Stephan Jaenicke, Vorstandsmitglied im Börsenverein des Deutschen Buchhandels, über die Zukunft des Buchmarktes und die Chancen kleiner Händler.

Herr Jaenicke, wie ist die Situation eines unabhängigen Buchhändlers heute? Hat er noch eine Chance gegen die großen Filialisten?

Ja, das hat er. Seit etwa zehn Jahren befindet sich der Buchhandel in einem erkennbaren Umschwung, der sich seit zwei, drei Jahren stark beschleunigt. Obwohl die großen Filialisten heute deutlich höhere Marktanteile haben als früher, ist die Situation aber immer noch nicht so dramatisch, dass ein unabhängiger Buchhändler in Panik verfallen müsste.

Was kann ein „kleiner” Buchhändler von den „Großen” lernen?
Er kann sich vor allem von der Professionalität eine Scheibe abschneiden. Professionell arbeiten bedeutet beispielsweise, seine Zielgruppen und das Umfeld des Ladenlokals zu analysieren. Denn dann kann er sich spezialisieren, etwa auf Kochbücher, Krimis, Esoterik oder Kinderliteratur. Als Einzelkämpfer muss man sich auf seine Stärken besinnen, dazu gehört die persönliche Nähe zum Kunden genau so wie echte Servicestärke: Die Leistungen zu erbringen, für die bei den Filialisten kein Personal, keine Kompetenz oder keine Zeit da ist.

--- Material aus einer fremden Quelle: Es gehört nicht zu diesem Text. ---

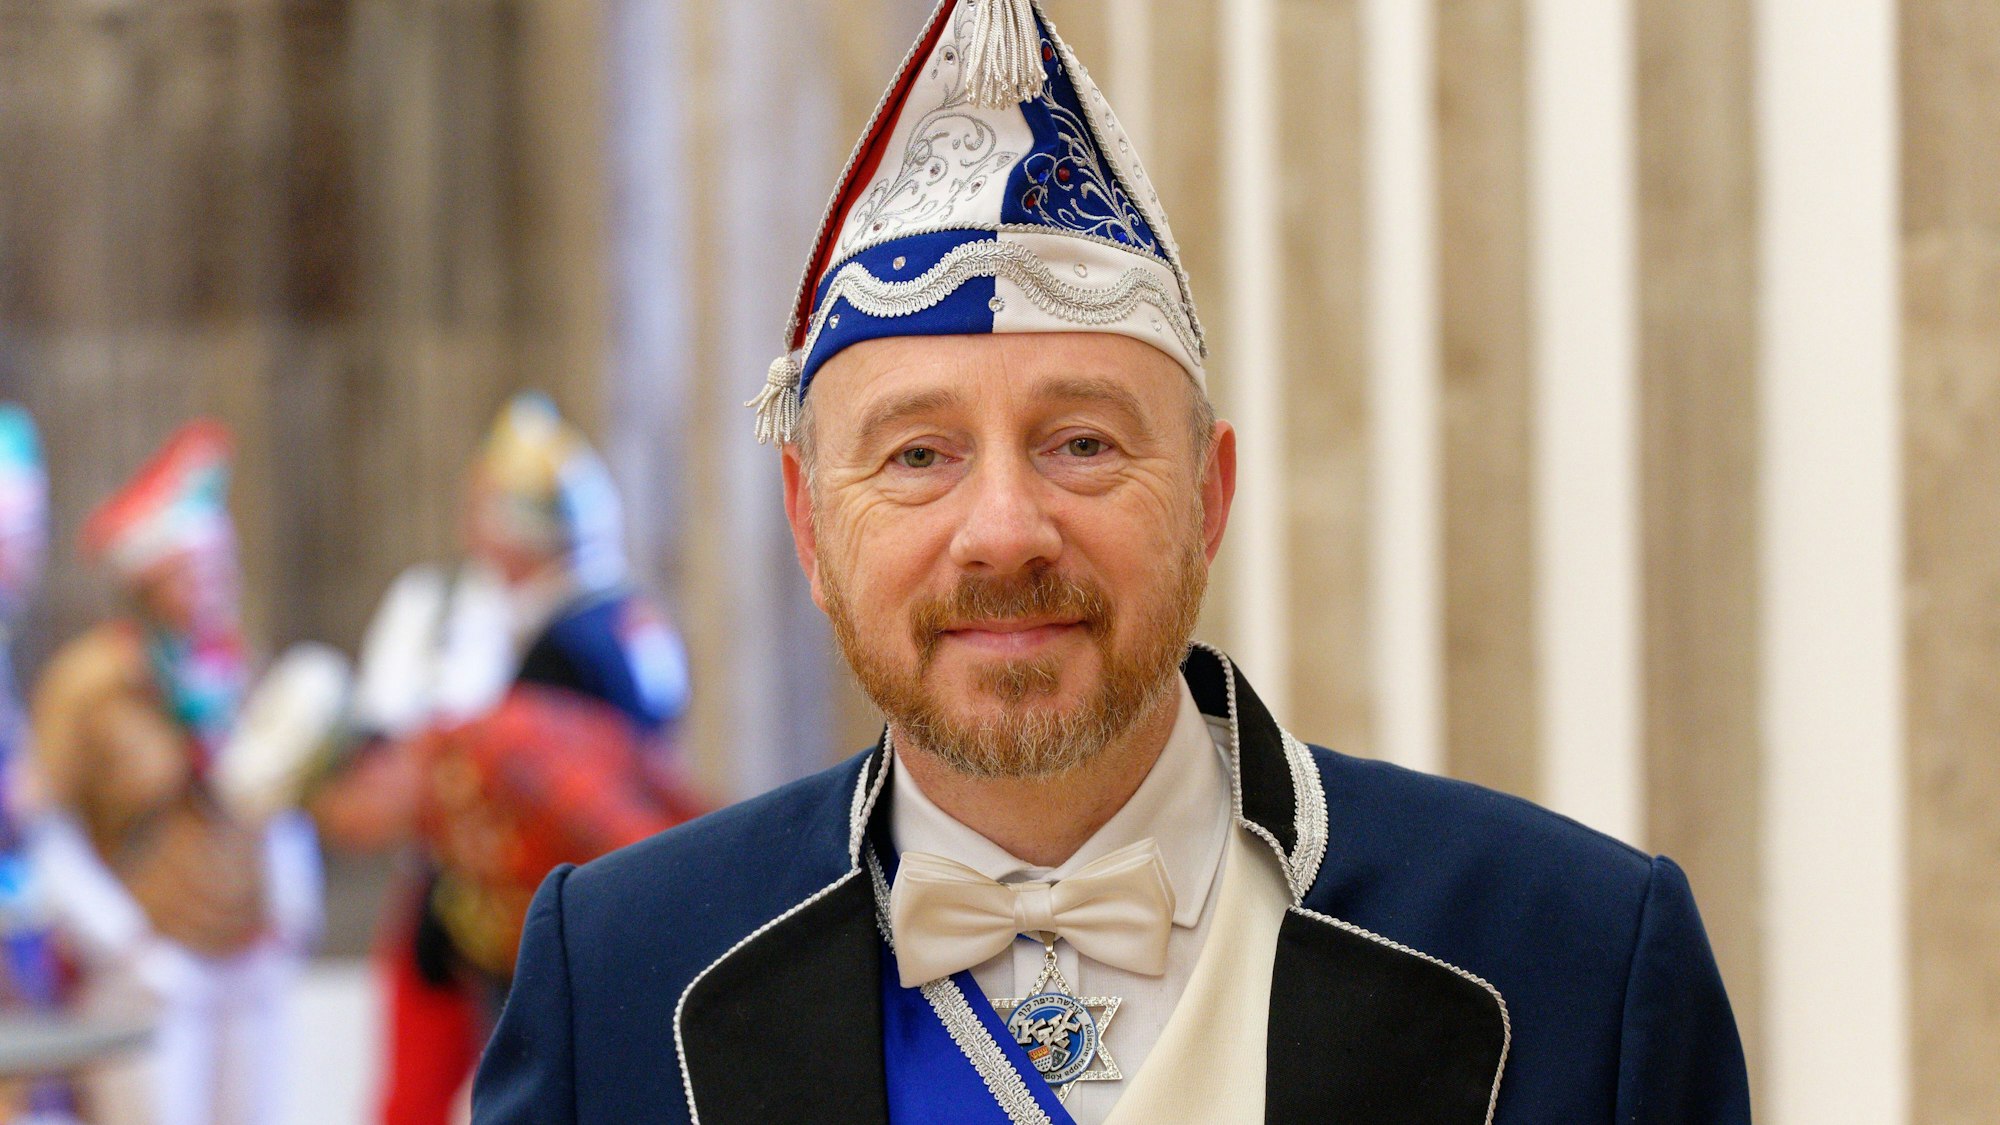 Aaron Knappstein, Präsident des jüdischen Karnevalsvereins „Kölsche Kippa Köpp“

Wie sieht denn die Zukunft des Buchs und des Buchmarkts aus?
Meiner Meinung nach ist das bestimmende Thema der näheren Zukunft die Digitalisierung des Buchs. Dabei sind Onlinehändler wie Amazon Vorreiter und haben auch strukturbedingte Vorteile, aber das heißt nicht, dass man als unabhängiger Buchhändler den Trend ignorieren darf. Vielmehr müssen wir über Kooperationen nachdenken, sowohl was Standards in der Software als auch Investitionen in die Hardware angeht.

Stichwort Buchpreisbindung: Hilft die dem unabhängigen Händler tatsächlich noch?
Definitiv ja, denn Sie bremst die ablaufenden Konzentrationsvorgänge spürbar, sorgt nach wie vor für ein breites Literaturangebot auf dem Markt und eine flächendeckende Zahl von Verkaufsstellen. Aber wenn man sich die Lieferkonditionen der Verlage anschaut, stellt man schnell fest, dass es große Unterschiede zwischen Filialisten und unabhängigen Händlern gibt. Während unabhängige Händler bei den meisten Titeln mit einer Marge von 40 Prozent zurecht kommen müssen, bekommen Filialisten oft bis zu 60 Prozent.

Das ist aber doch eigentlich nicht erlaubt?
Nein, eigentlich dürfen Verlage keine Rabatte gewähren, die höher als 50 Prozent sind. Das haben Gerichte aufgrund von Verbraucherschutz und kartellrechtlichen Erwägungen so festgelegt. Aber eine solche Regelung lässt sich etwa durch Werbekosten- und Präsentationszuschläge leicht umgehen.

Also sind die normalen Marktmechanismen auch bei der Ware Buch angekommen, trotz Buchpreisbindung?
Ja, die Preisbindung hat die Entwicklung verzögert, aber nicht verhindert. Man kann aber nicht die gesamte Preisbindung in Frage stellen, nur weil ein einziger Aspekt des Systems möglicherweise die Konzentration auf dem Markt auch fördern könnte. Wir haben im Buchhandel ein Konditionenproblem, kein Preisbindungsproblem. Auf der einen Seite braucht der unabhängige Buchhandel dringend bessere Handelsspannen, um sich im Wettbewerb behaupten zu können. Auf der anderen Seite aber scheinen viele Verlage vor allem die Konditionenforderungen der großen Filialisten zu erfüllen. Letztlich schaden sie sich damit selbst, denn möglicherweise können sie so in zehn bis 15 Jahren nur noch mit drei, vier großen Buchhandelsketten reden, weil es kaum noch unabhängige Händler gibt.